Es por ello que la región necesita de una revolución. Según el diccionario de Oxford, revolución es un “cambio brusco en el ámbito social, económico o moral de una sociedad”. Pero claro, no podemos permitirnos cualquier revolución, no hay margen para más violencia en un mundo plagado de conflictos. En otras palabras, es salir del status quo de manera drástica, masiva y pacífica.

El status quo hoy es la extrema fragilidad del tejido social. Por un lado, tenemos un sistema político que poco interpela a su ciudadanía. La creciente desafección social por la política se traduce en que las democracias tienen los niveles más bajos de satisfacción en décadas, con opciones políticas débiles, y crecientemente polarizadas. En los últimos años, hemos visto retornar, también, los golpes de Estado en Bolivia, Brasil y Honduras, ahora sin militares, y naturalizado el asesinato a centenares de líderes sociales en Nicaragua, Colombia, México y Brasil. El intento de magnicidio a Cristina Fernández de Kirchner es solo un episodio más en esta cadena.
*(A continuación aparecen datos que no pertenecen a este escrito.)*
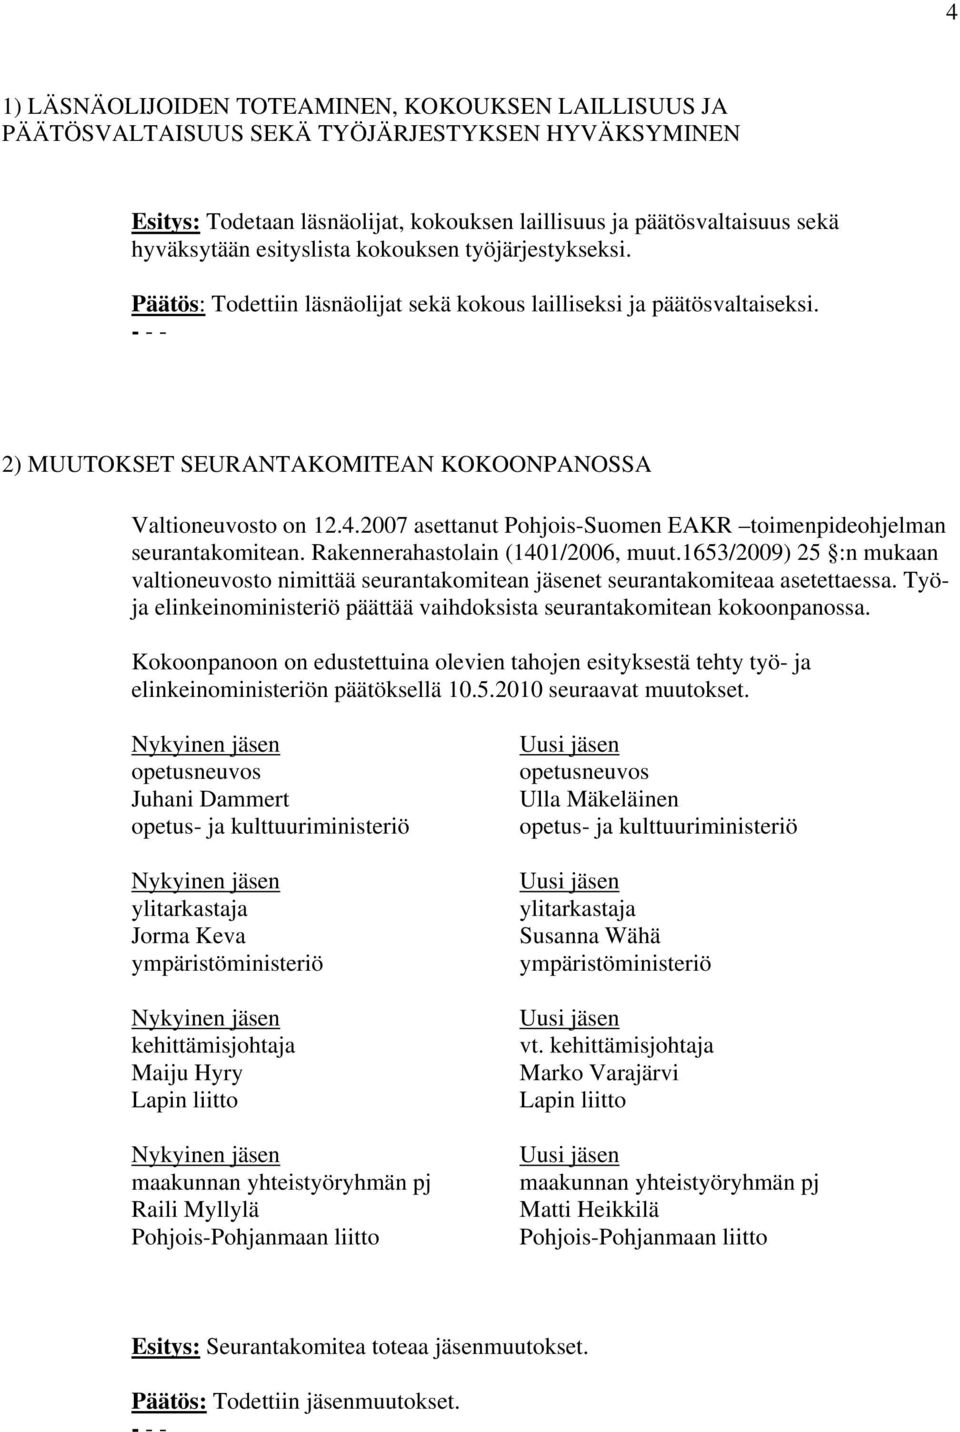 2007 asettanut Pohjois-Suomen EAKR toimenpideohjelman seurantakomitean. Rakennerahastolain (1401/2006, muut.

Paralelamente, vivimos en un capitalismo predatorio que permite multiplicar el capital de los más ricos al mismo tiempo que multiplica la pobreza. Este sistema está apoyado por una cultura del emprendimiento libertario que legitima a fortunas hechas en menos de una generación, tan grandes que permiten a los CEO enviar naves al espacio, quienes, al mismo tiempo, resisten ferozmente la sindicalización de sus empleados que pelean por un salario mínimo.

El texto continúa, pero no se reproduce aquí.